Prostate Imaging-Reporting and Data System version 2 (PI-RADS v2) provides assessment scores for PCa on a scale of 1 to 5, in which score-5 is most likely to represent csPCa8. The revised PI-RADS v2.1 relies mainly upon subjective analysis of MRI findings with quantitative features, including: tumour-size, TV and mean apparent-diffusion coefficient (ADC)9. PI-RADS v2.1 incorporates a tumour-size based decision-criterion (cut-off = 1.5 cm) to differentiate between assessment of score-4 and score-59. PI-RADS v2.1 recommends upon minimal requirements for the measurement of TV, whereas insists to report the maximum tumour diameter of a lesion on an axial images9. TMD represents the actual tumour dimension, which can be in any plane, where axial two-dimensional (2D) might or might not be the correct representation.
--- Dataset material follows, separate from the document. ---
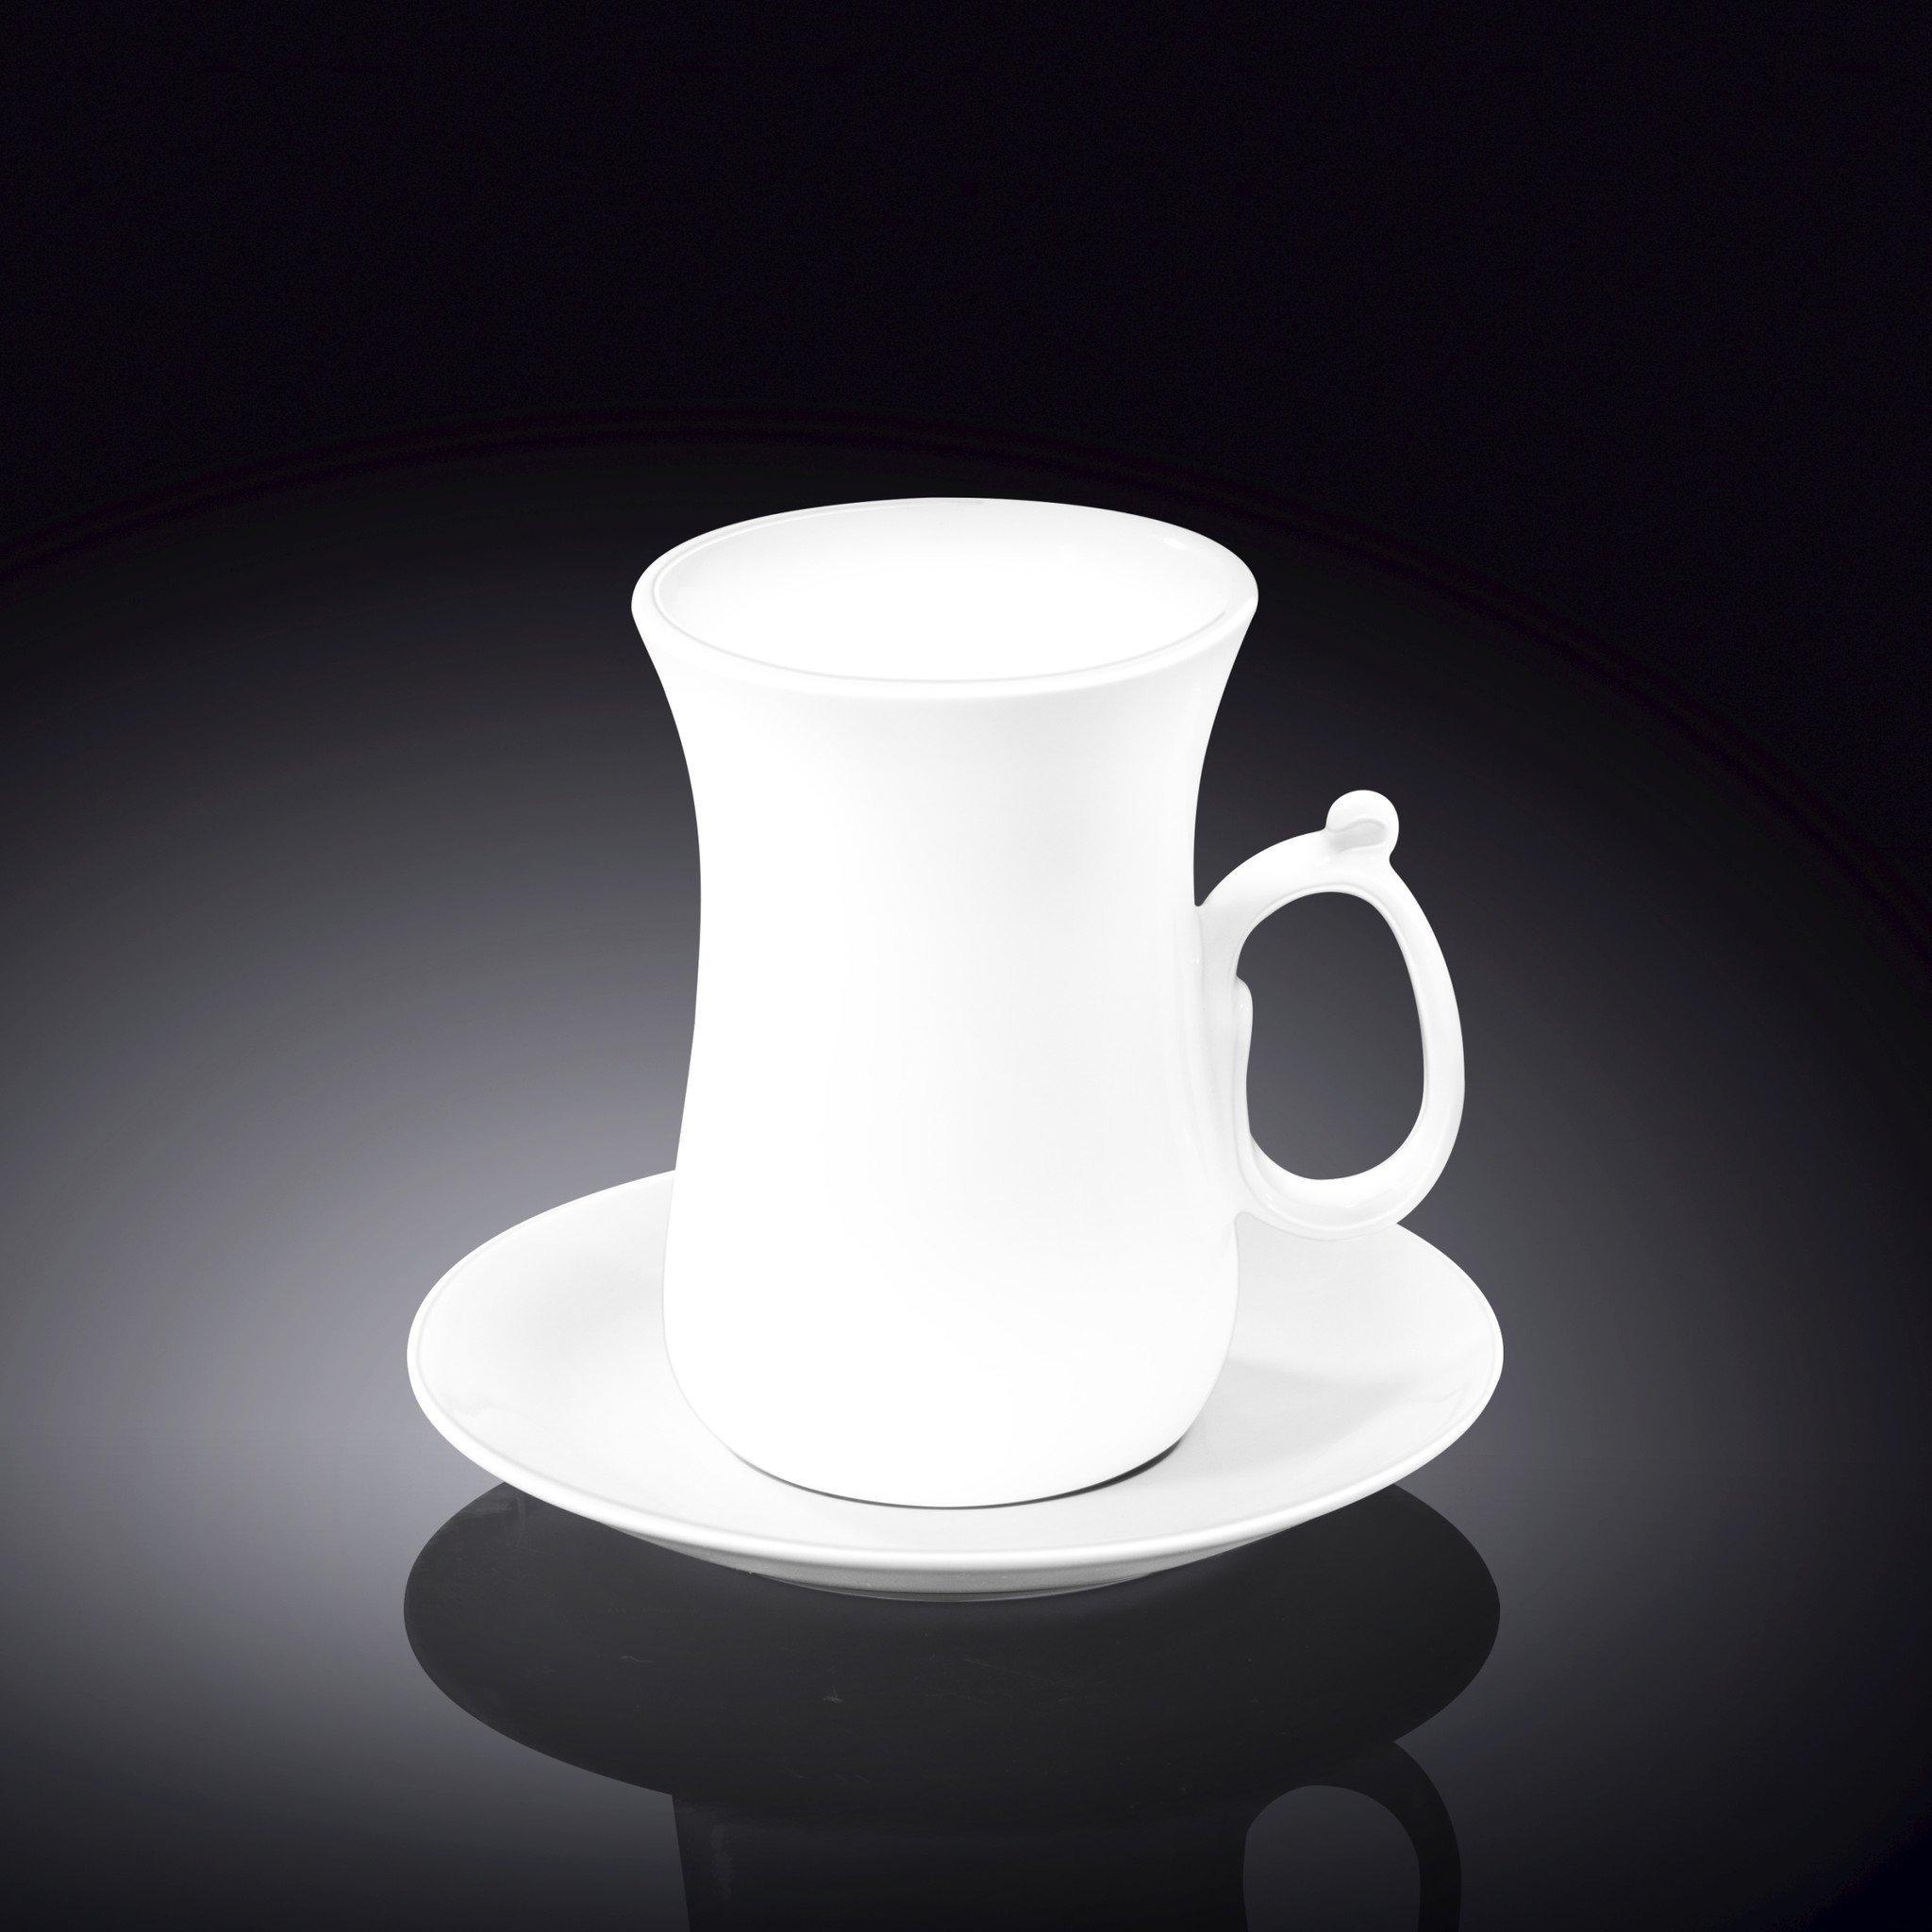 Набор: чайная чашка & блюдце 120мл Wilmax 6 пар  в цв. уп.

Thus three-dimensional (3D) assessment of tumour is highly desirable for practical purposes10. Based on the applications of MRI, csPCa is defined as Gleason score > 7 and TV > 0.5 cc9. Martorana et al. found that as PI-RADS score increases the probability of detecting a csPCa proportionally increases with increase in TV11. Bratan et al. identified the accuracy of volume assessment was influenced by the size of lesions, Gleason score, and PI-RADS score12.
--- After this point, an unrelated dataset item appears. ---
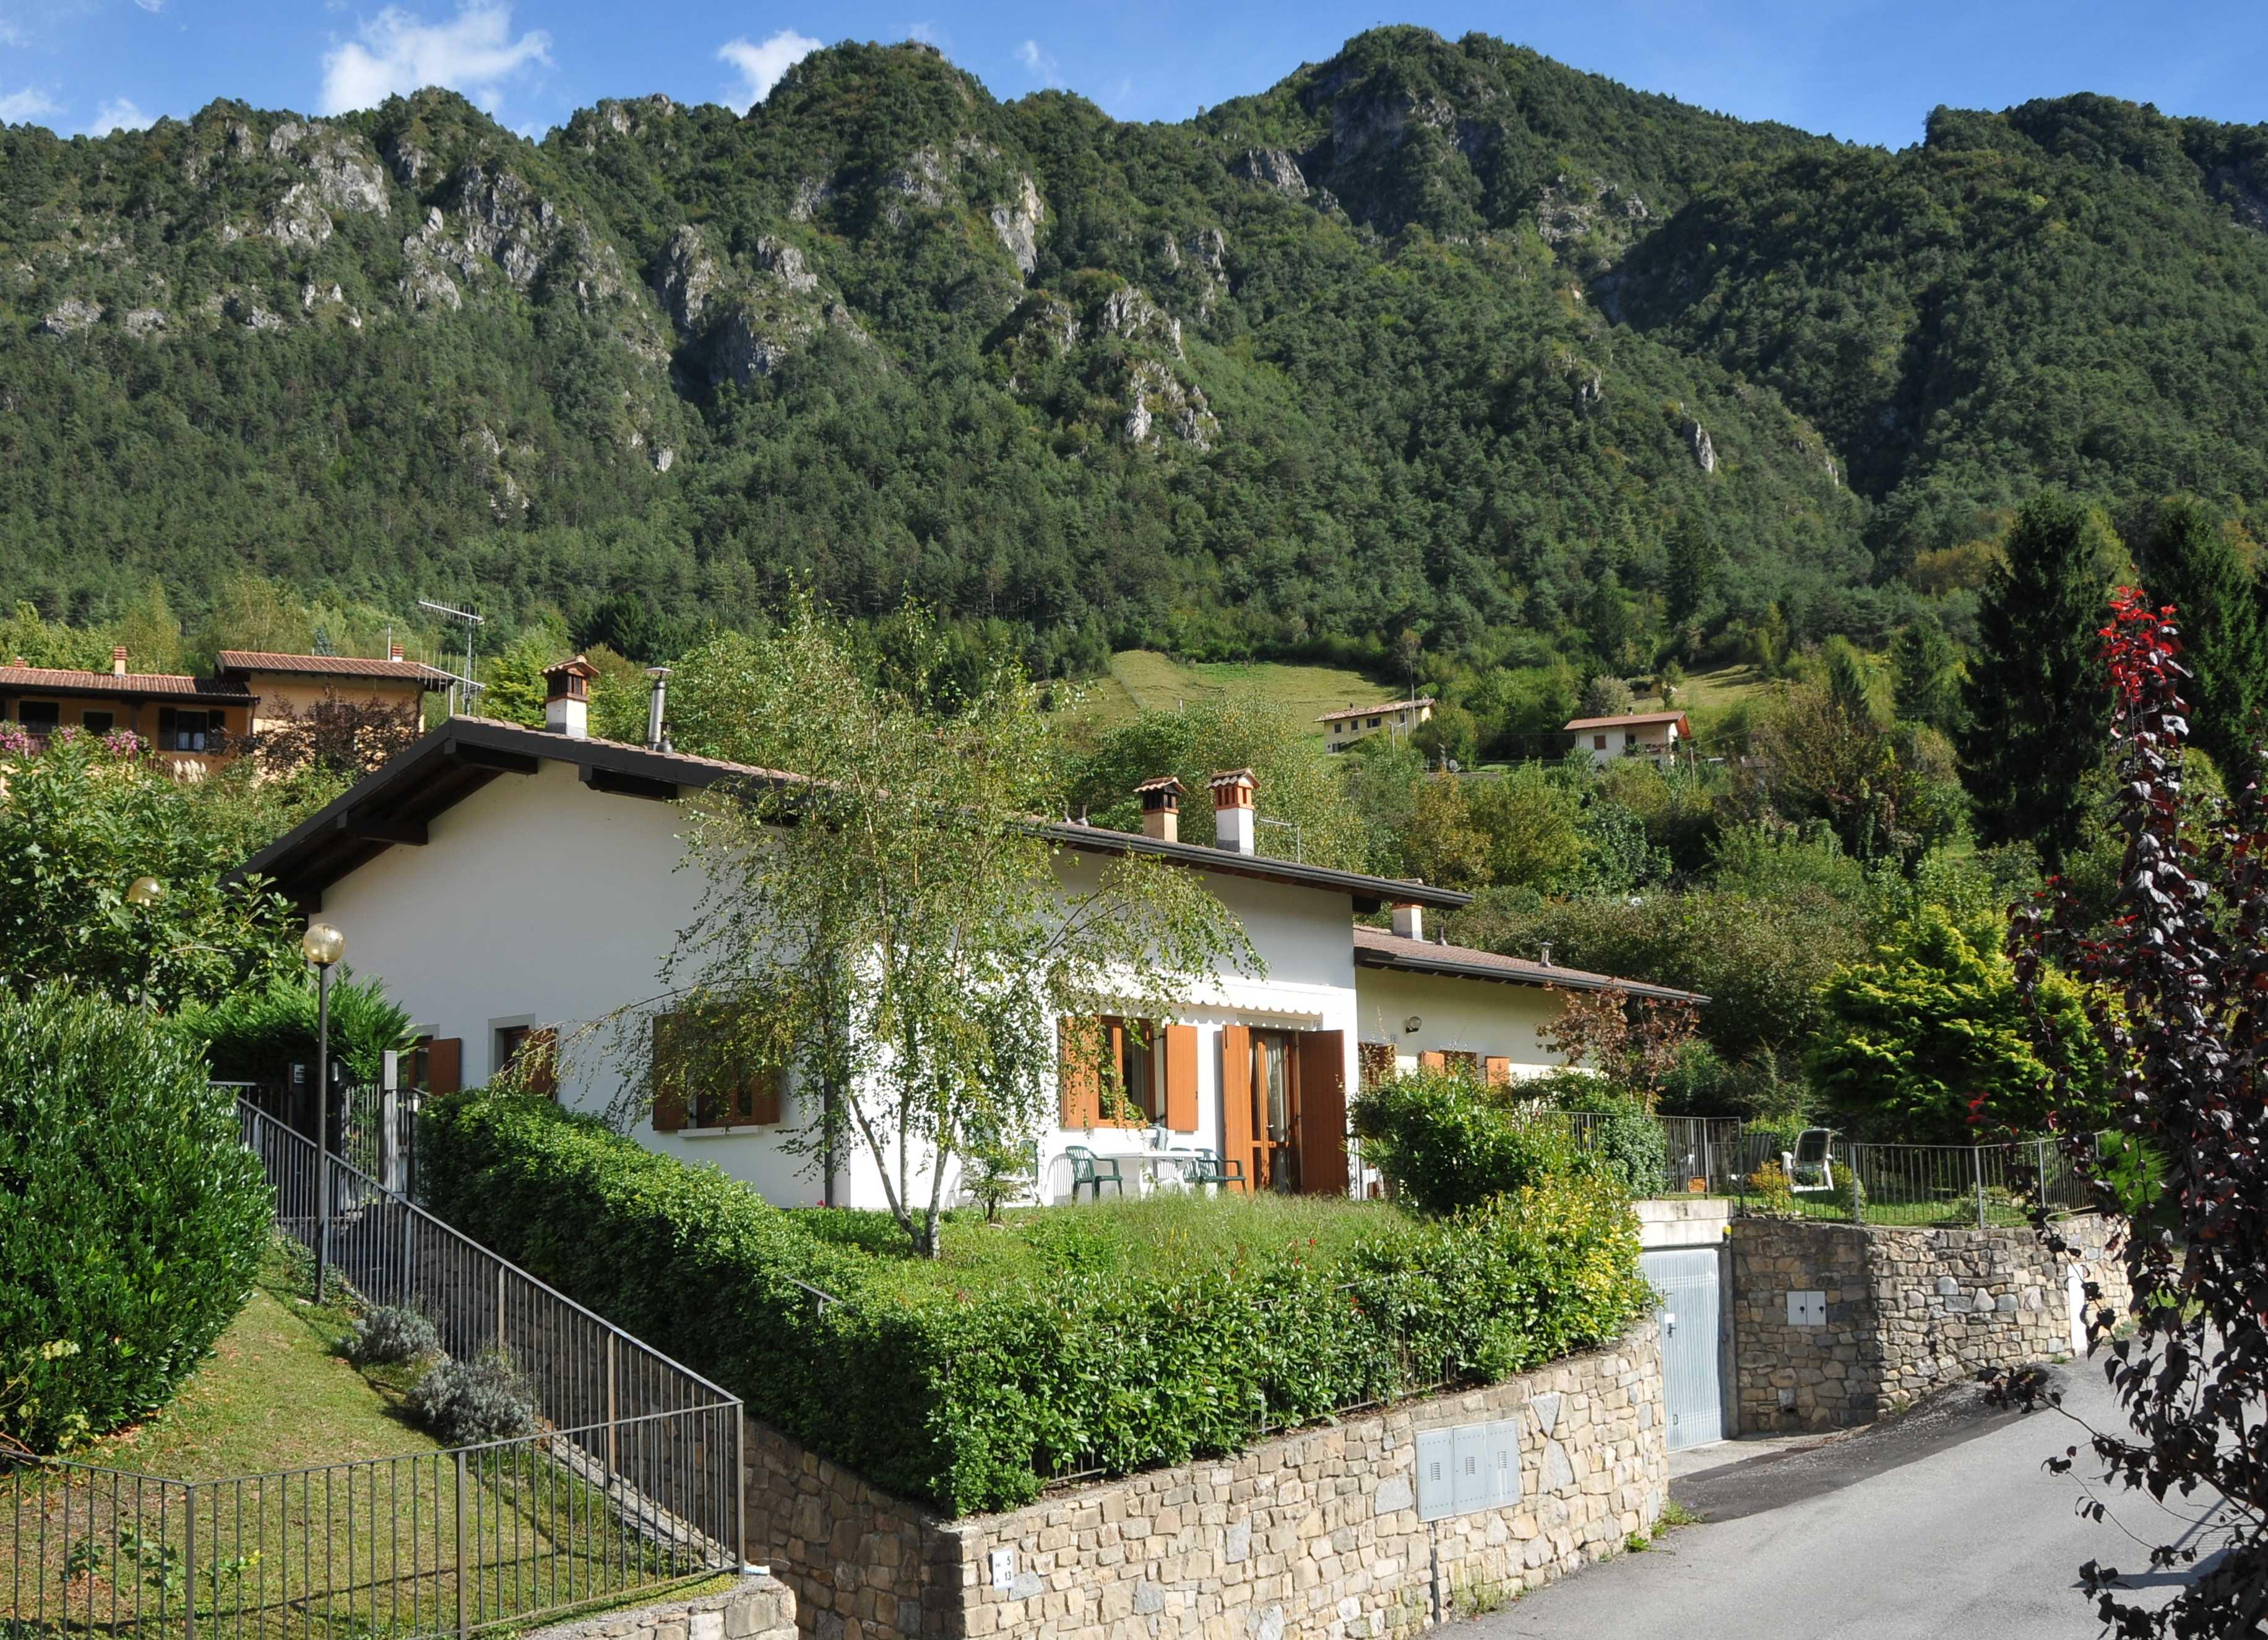 Casa 2 Lucia vista dall'esterno - lago di Idro - Hotel Alpino

A recent review by Eldred-Evans et al. has reported an increasing number of studies evaluating volumetric assessment of tumours against radical prostatectomy as the reference standard5. Diameter-based tumour-size measurement has been the clinical standard method to assess maximum diameter and volume13. This method is easy and fast to perform in a busy clinical routine but may be less accurate because PCa may spread through the tissue along any axes13. Many methods have been used to determine TV, but computer-assisted image analysis based volume measurement is considered as the most accurate14. Planimetric calculation includes the contouring of the lesion on each axial-slice which puts an additional time burden on the radiologist; therefore, this method is not routinely used in clinical practice and is limited to only in research settings5,14. A recent expert-consensus panel concluded insufficient evidence to recommend any optimal method for measuring TV with MRI1; however volumetric measurements allows accurate assessment of tumour by adding a third dimension and can measure the maximum-diameter in any plane15.
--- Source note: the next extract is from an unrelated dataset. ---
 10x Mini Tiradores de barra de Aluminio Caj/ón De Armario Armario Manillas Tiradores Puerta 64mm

PI-RADS v2.1 assessment has different decision rules for each score, and MRI derived TMD and TV were associated with csPCa10,16. For these reasons, tumour-size and volume estimation with MRI should be considered with care in clinical practice since it may have implications for risk stratification12. PI-RADS v2.1 assessment uses a 2D approach for tumour measurement, and this assessment may be influenced by 3D measurement of diameter and volume of tumour, which has not been thoroughly investigated. The objectives of the current study were to (a) develop an automated method for 3D measurement of tumour using ellipsoid-fit model, (b) compare the TV and TMD measured with the ellipsoid-fit model against the current standard i.e. the manual-assessment with axial planes by the radiologist and (c) investigate the effect of 3D measurement of tumour in PI-RADS v2.1 assessment.

Methods

MRI data acquisition

The current study protocol was conducted with approval from the Institutional review board (IRB), All India Institute of Medical Sciences (AIIMS), New Delhi (Reference Number: IEC-236/01.04.2016, RP-18.2016) and informed consent was waived off by IRB for this study because of the retrospective nature of the study. This study was performed in accordance with institute guidelines and regulations. MRI dataset of 43 patients (age = 65 ± 8.5 years) with clinically proven PCa (PI-RADS v2.1 score-3 = 10, score-4 = 18 and score-5 = 15) were included in this retrospective study. MRI was acquired with a 1.5 T scanner (Achieva, Philips Health Systems, the Netherlands) at the AIIMS, New Delhi with using a standard MRI protocol from August 2018 to October 2019. T2-weighted imaging (T2WI) were acquired using a turbo spin-echo sequence with TR/TE = 3330/90 ms, field of view (FOV) = 250 × 250 mm2, reconstructed matrix = 320 × 320, voxel size = 0.49 × 0.49 × 3 mm2, slice thickness = 3 mm, slice gap = 3 mm and number of slices = 36. Diffusion-weighted imaging (DWI) was acquired using echo-planar imaging sequence with TR/TE = 6831/81 ms, FOV = 292 × 292 mm2, reconstructed matrix = 112 × 112, voxel size = 2.6 × 2.6 × 3 mm3, slice thickness = 3 mm, slice gap = 3 mm, number of slice = 36 with five b-values of 0, 500, 1000, 1500 and 2000 s/mm2. ADC values were calculated using the vendor-provided software at the clinical workstation. A mono-exponential model using all five b-values with the least-square optimisation was used for ADC calculation17.

Data processing

MRI data were transferred to a workstation (DELL Precision Tower-3620, using Intel Xeon-CPU-E3-1245-v5@3.50 GHz processor and 32 GB RAM) in DICOM format. A modified in-built routine of MATLAB (v.2018; MathWorks, Natick, MA) was used for 3D measurements19. The pre-processing steps included manual segmentation of the prostate gland and peripheral zone (PZ) using DWI (b = 2000 s/mm2), performed with the help of a radiologist (> 20 years of experience in prostate MRI). The segmented prostate region consisted of approximately 5–8 slices for each subject. Data was interpolated to generate finer slices (1 mm) and to account for slice gap. Lesion scoring was performed according to PI-RADS v2.1 guideline by a radiologist9.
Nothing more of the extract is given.